昨年7月18日朝の時点で弊社工場にあるパソコンのデスクトップのファイルが暗号化されて開けない状態にあり、「何かがおかしい」と気づき、関連システムをすべて停止しました。これ以上の何かしらの異常を起こさないためにすべてを遮断したのです。
――その前日など、何か予兆のようなことがあったわけでも、社員による何か操作ミスがあったわけでもなくですか。
はい、そういうことは一切ありません。そして22日には個人情報保護委員会と日本印刷産業連合会へ報告し、23日にデジタル鑑識調査を行なう専門業者へ調査を委託しました。
――この時点ではまだサイバー攻撃を受けたとはわからず、情報漏洩もわからなかったのですね。
はい、状況がつかめていませんでした。しかし状況保全のため、アルバム制作に係るシステムは外部接続を遮断した状態で新サーバーをセットアップし、新年度アルバム用データの暫定保管を開始しました。
「ランサムウェア」の不正侵入によるネットワーク障害が起きたことが特定されたのは11月のことでした。

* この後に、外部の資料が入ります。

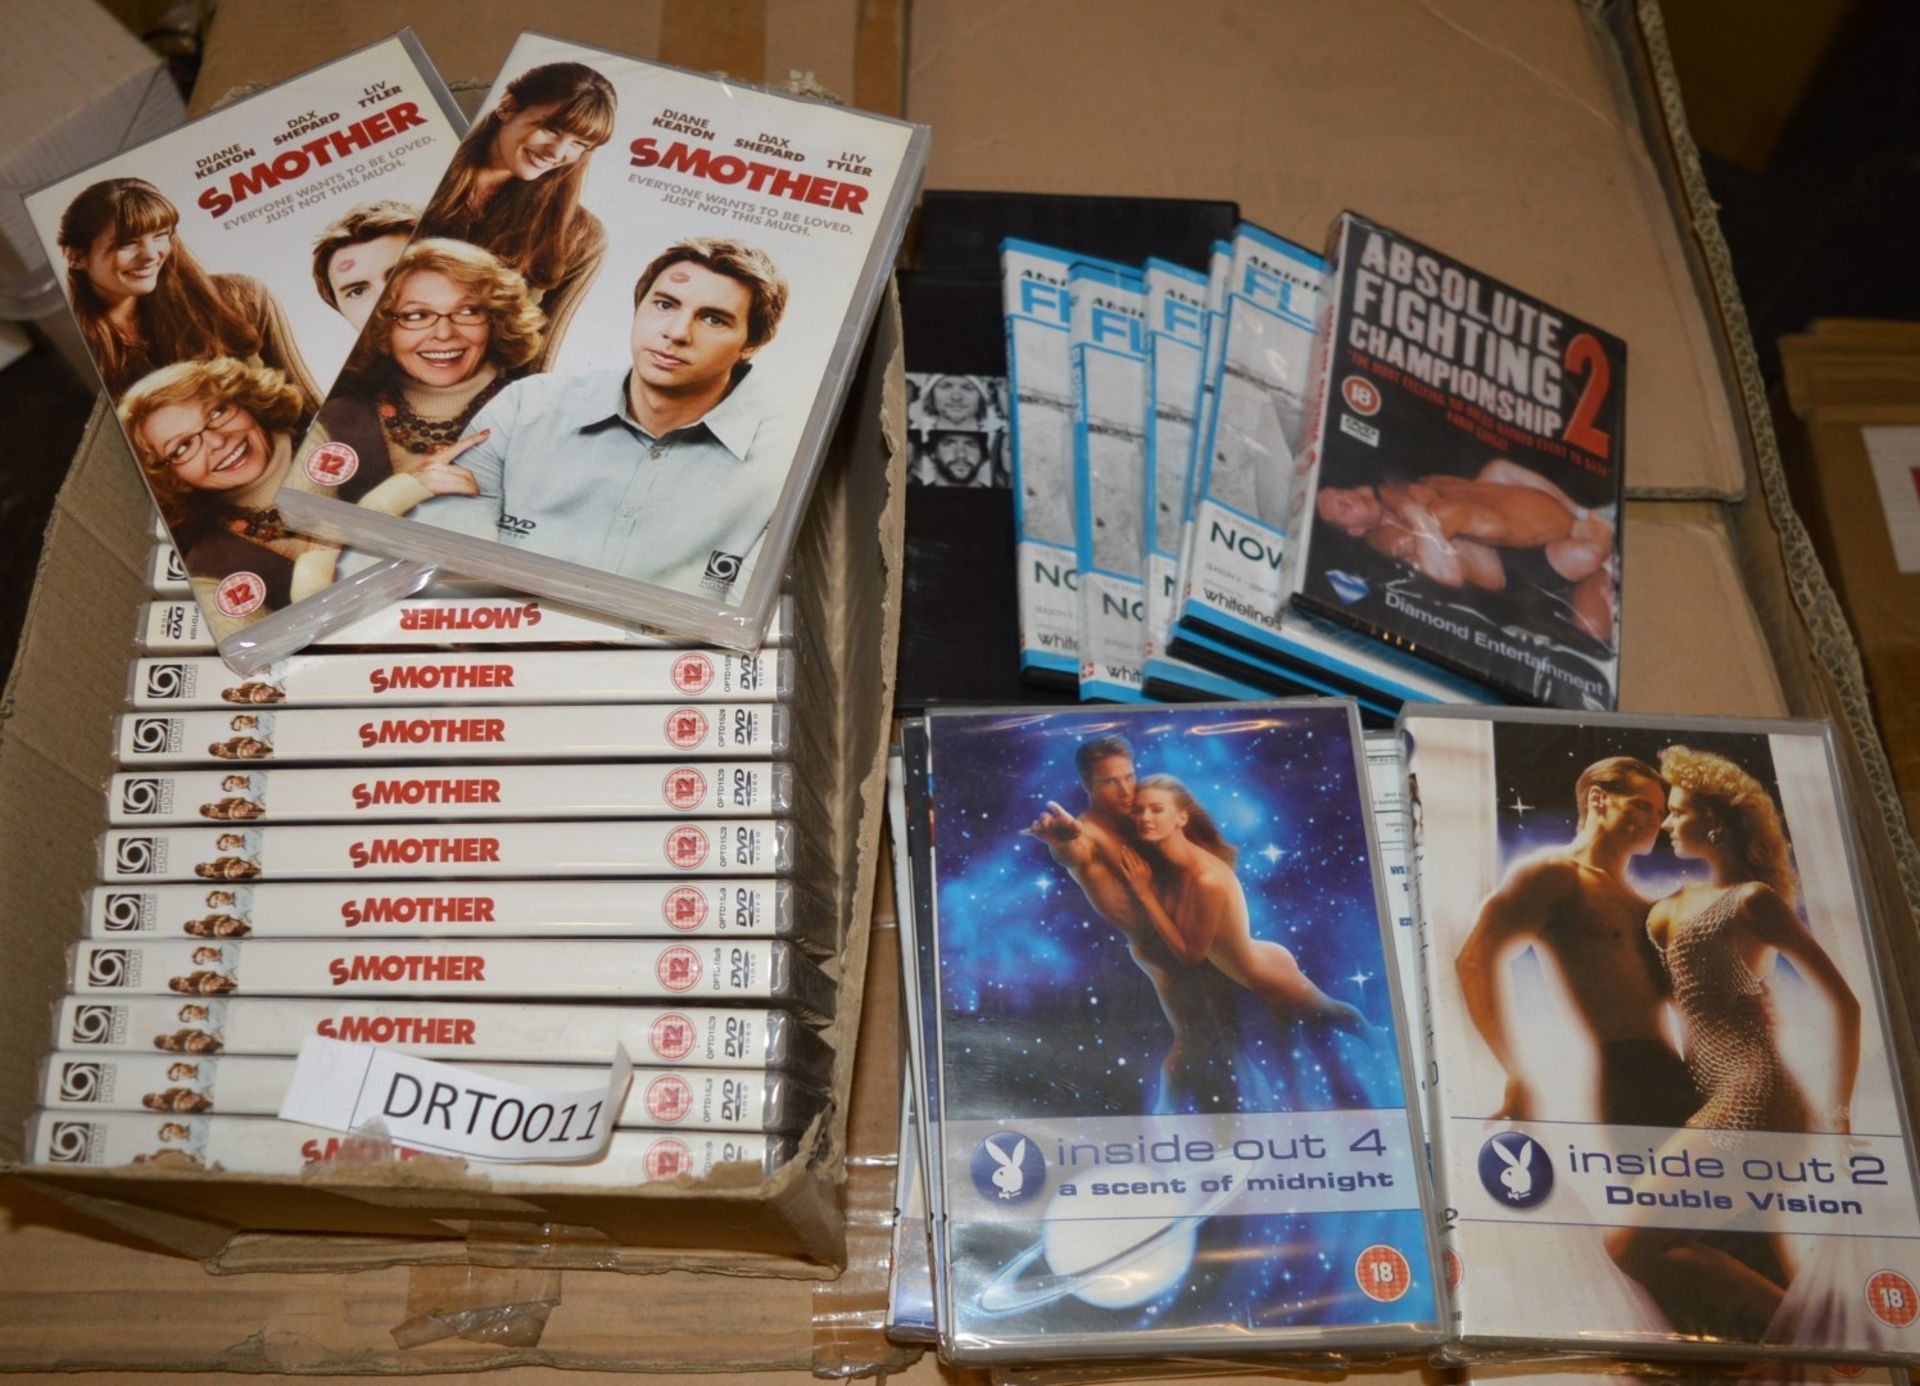 44 x Various DVD Movies - Includes Adult Content - Over 18's Only - CL185 - Brand New Stock - Ref

――そこで情報漏洩したことは明らかになったものの、関係各所への連絡は行なわなかったのですか。
まずはシステム復旧と実施すべき安全対策強化策の検討を先んじました。そして今年1月に検討した安全対策の実施、及びシステムの復旧を完了し、4月に宮城県警サイバー犯罪対策課へ被害届を出しました。
その後、教育委員会や関係各所へのご連絡をし、4月12日に弊社より発表を行なったのです。
――全国各地の学校や幼稚園が被害を受けたということで、こちらにお問い合わせなどはないのでしょうか。
もちろん個人様によるお問い合わせはございます。「うちの子は大丈夫なのか」などのお問い合わせもございますが、現在のところ、流出した情報による2次被害の報告はございませんのでご安心くださいとお伝えしています。